Ankara’lı yazarlarımız Sedat Bulut, Selim Beyler ve Süleyman Toker birbirinden ilgi çekici makaleleri ile bu sayımızda yer aldılar. Sedat Bulut’un yine iki makalesi var: “Kâmus – Lugat” ve “Üçüncü Dünya Savaşı”… Bilgisayar mühendisi yazarımız Süleyman Toker, “teknoloji” muhtevalı bir dizi yazıya başladı: “Elindeki Oyuncağı Hemen Yere Bırak”… Selim Beyler’in tarih-araştırma yazısının başlığı şöyle: “Tanzimat’tan Sonra Belediyelerin Kuruluşu ve Modern Belediyelerin Kuruluş Nedenleri”…

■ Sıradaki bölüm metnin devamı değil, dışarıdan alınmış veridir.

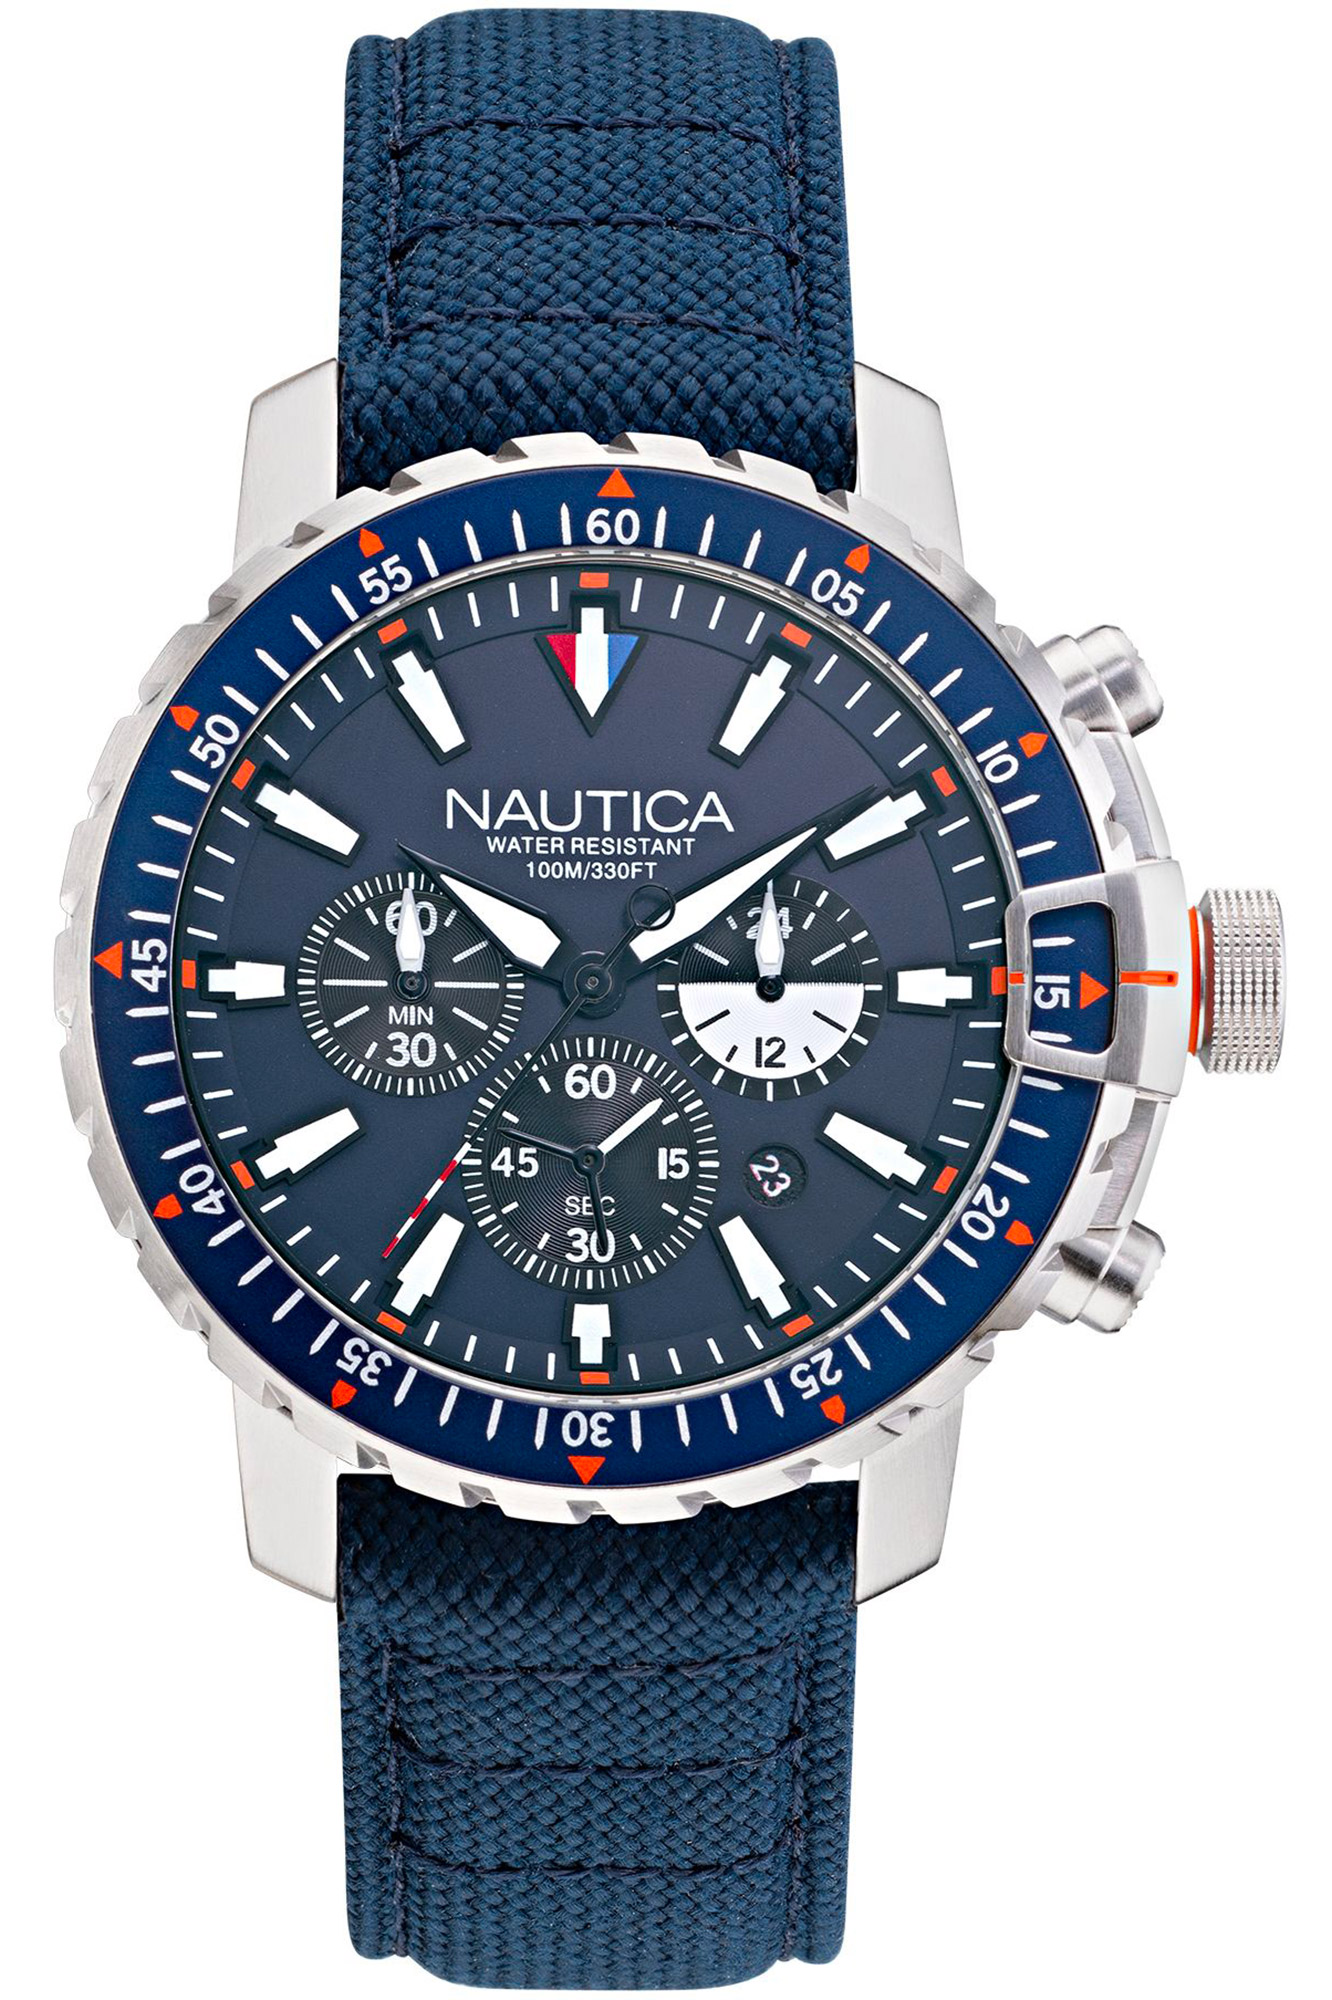 Reloj Nautica napics006

Kütahya temsilcimiz İlahiyat öğrencisi Rukiye Akkaş’ın çocuk eğitimine dair değerlendirilebilecek “Küçük Ağacın Eğitimi” başlıklı kitap tanıtımı, Tarih öğrencisi Gizem Dik’in tartışma usûlüne dair İmam Gazali’nin “İhya” eserinden yararlanarak hazırladığı makalesi de bu sayımızda yer alıyor. Ali Öztürk’ün de kısa bir hikâyesi var: “Derin Dondurucu Kadınları”…

Yine çok önemli bir iktibasa yer verdik dergimizde: Nabız Haber genel yayın yönetmeni Şükrü Sak’ın Salih Mirzabeyoğlu ile gerçekleştirdiği sohbetin tam metni: “Salih Mirzabeyoğlu İle “Ölüm Odası” Etrafında Temel Meseleler”… Ali Nacar’ın hazırladığı “Parakuta” eserinin fihristi de bu sayımızda yer aldı.

Yönetmen Semih Kaplanoğlu ile gerçekleştirdiğimiz “Buğday” filmi üzerine röportajımız da dergimizin son bölümünde yerini aldı. Arka kapağımızda Rukiye Şenel’in “İslâm Harfleri” serisi devam ediyor. Bu sayımızda “vav” yorumu var.